LAZIO FALCIDIATA DAGLI INFORTUNI CEDE A BEN YEDDER

Sicuramente quello tra Lazio e Siviglia era il match clou di questa fascia oraria. La squadra di Inzaghi arriva all’impegno europeo senza due degli uomini chiave, poiché sia Immobile che Milinkovic-Savic sono in infermeria. La partita è molto equilibrata, anche se è il Siviglia che sembra avere il pallino del gioco, con i biancocelesti che faticano a trovare il ritmo partita.
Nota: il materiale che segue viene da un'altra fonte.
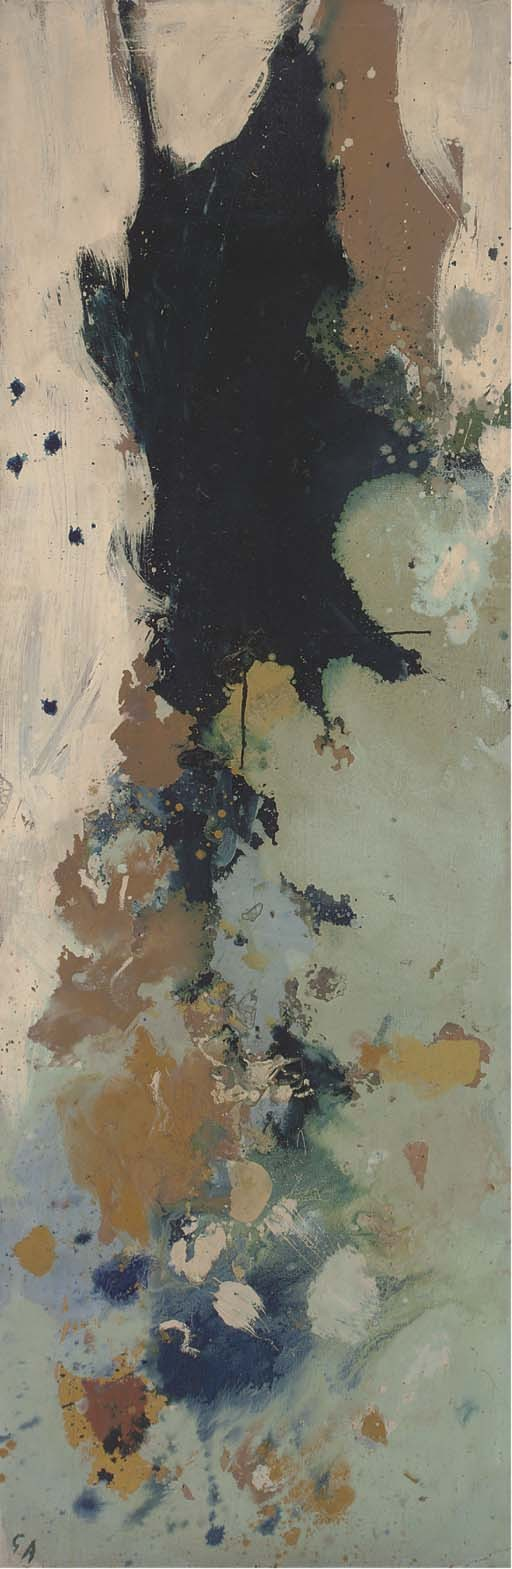 Gillian Ayres, R.A. (B.1930)

Infatti non è un caso che siano gli ospiti ad andare in vantaggio: sul cross di Sarabia sul secondo palo il più lesto di tutti è Ben Yedder, bravo a smarcarsi e a trafiggere Strakosha. i capitolini provano ad imbastire una reazione, ma come se non bastasse entra in gioco la sfortuna: il primo a dare forfait, sul finire del primo tempo, è Luis Alberto, costretto ad uscire per un infortunio alla coscia. L’intervallo non porta benefici, in quanto anche Parolo è costretto a restare negli spogliatoi per guai fisici. L’ultimo cambio Inzaghi lo deve utilizzare dopo dieci minuti nella ripresa, in quanto Bastos, dopo un contrasto di gioco, alza bandiera bianca. A questo punto la Lazio prova a riaccendere la partita con le fiammate di Correa e le punizioni del subentrato Cataldi, non riuscendo però a rendersi pericolosa ma allo stesso tempo sapendo soffrire e portato a casa un risultato recuperabile al ritorno a Siviglia.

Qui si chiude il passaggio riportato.